= REQUIRED ACTION =
The data below should be restated word for word, with every picture omitted.

= RECORDED DATA =
------------------------------------
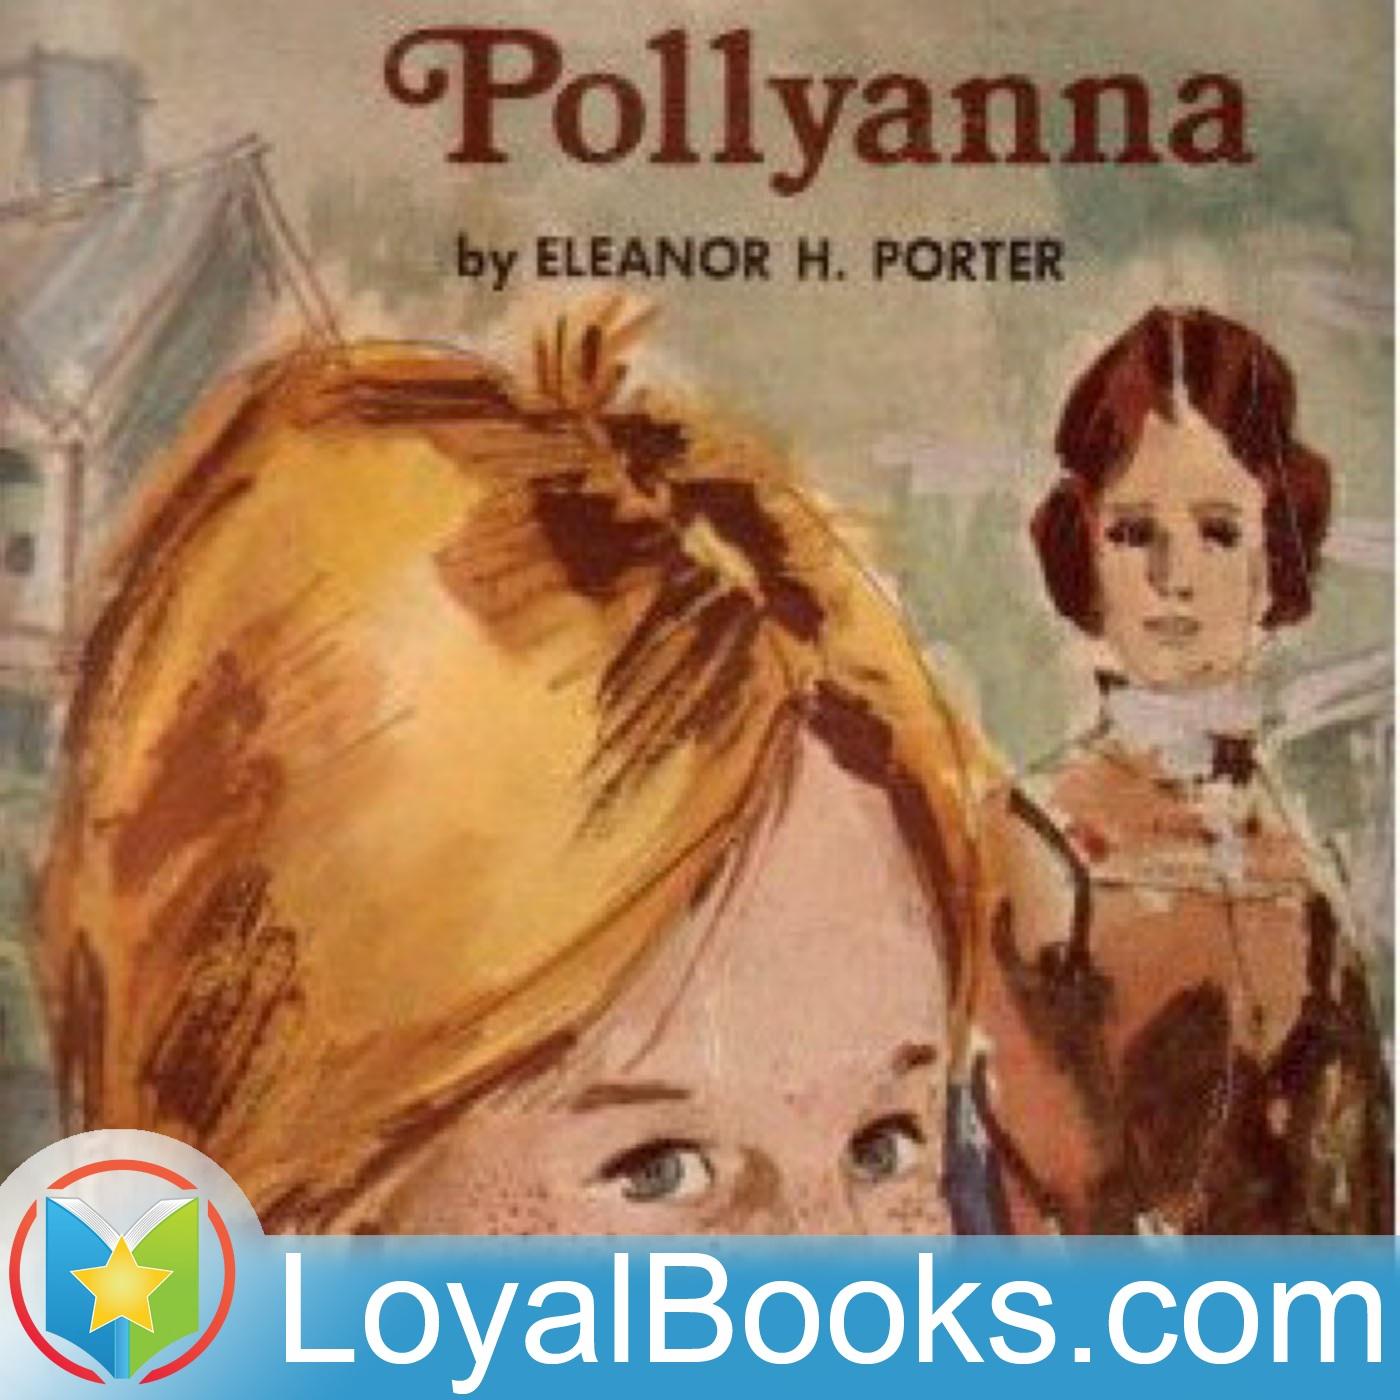 <![CDATA[Pollyanna by Eleanor H. Porter]]>
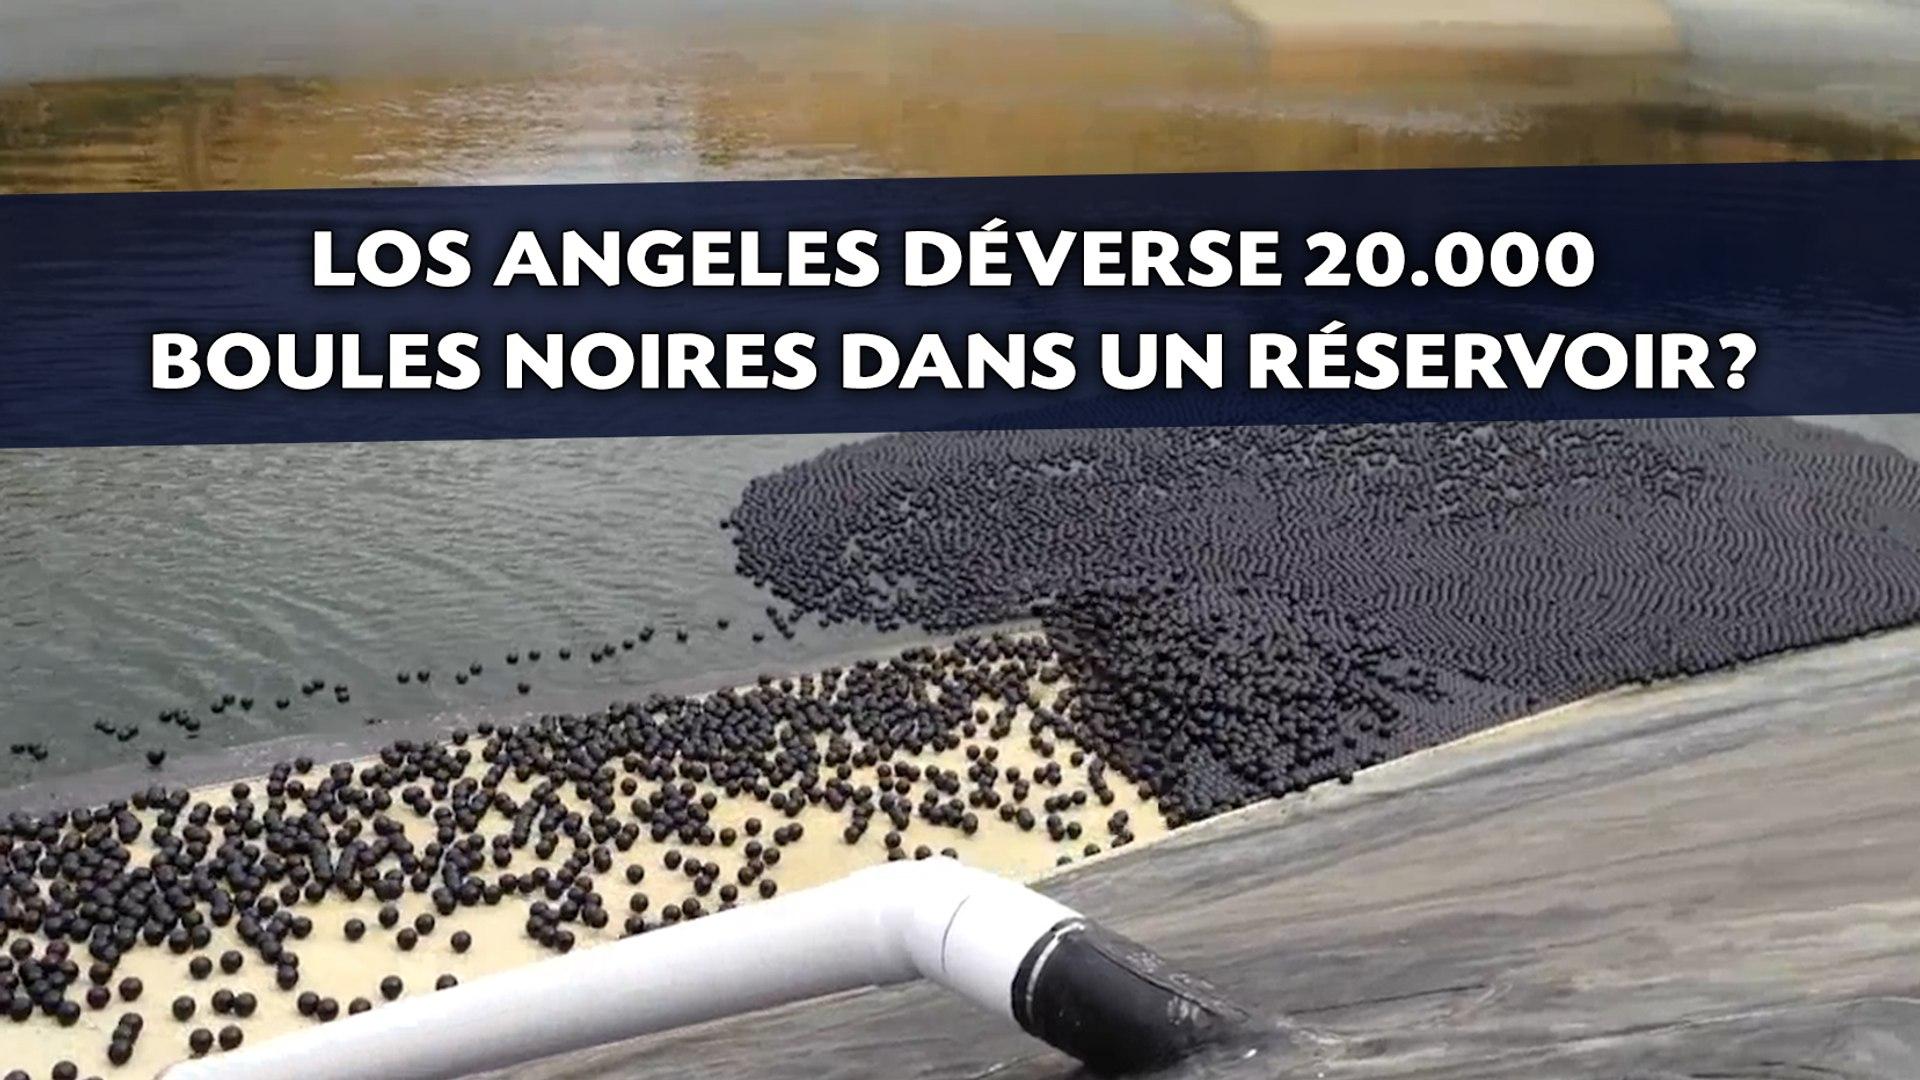 Pourquoi Los Angeles déverse 20.000 boules noires dans un réservoir?
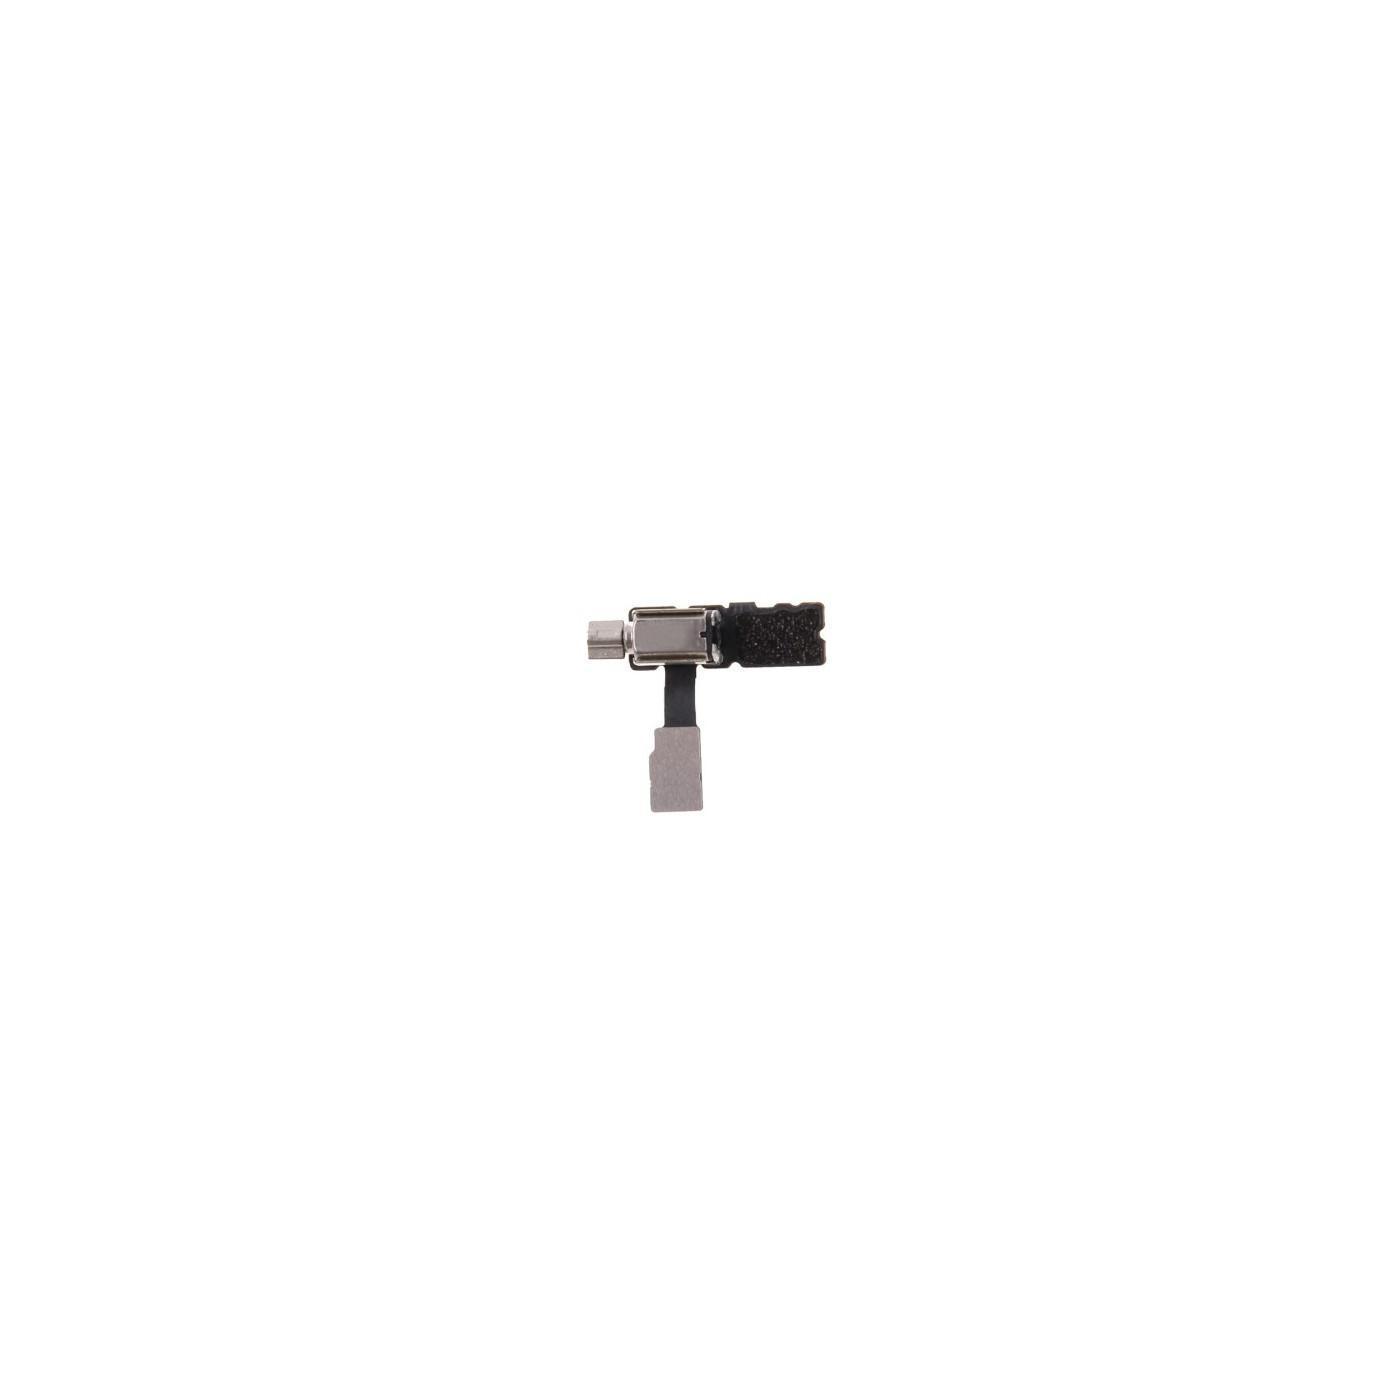 Moteur de vibration de remplacement pour scooter Huawei P8
------------------------------------
= ANSWER TO THIS TASK =
 <![CDATA[Pollyanna by Eleanor H. Porter]]>
 Pourquoi Los Angeles déverse 20.000 boules noires dans un réservoir?
 Moteur de vibration de remplacement pour scooter Huawei P8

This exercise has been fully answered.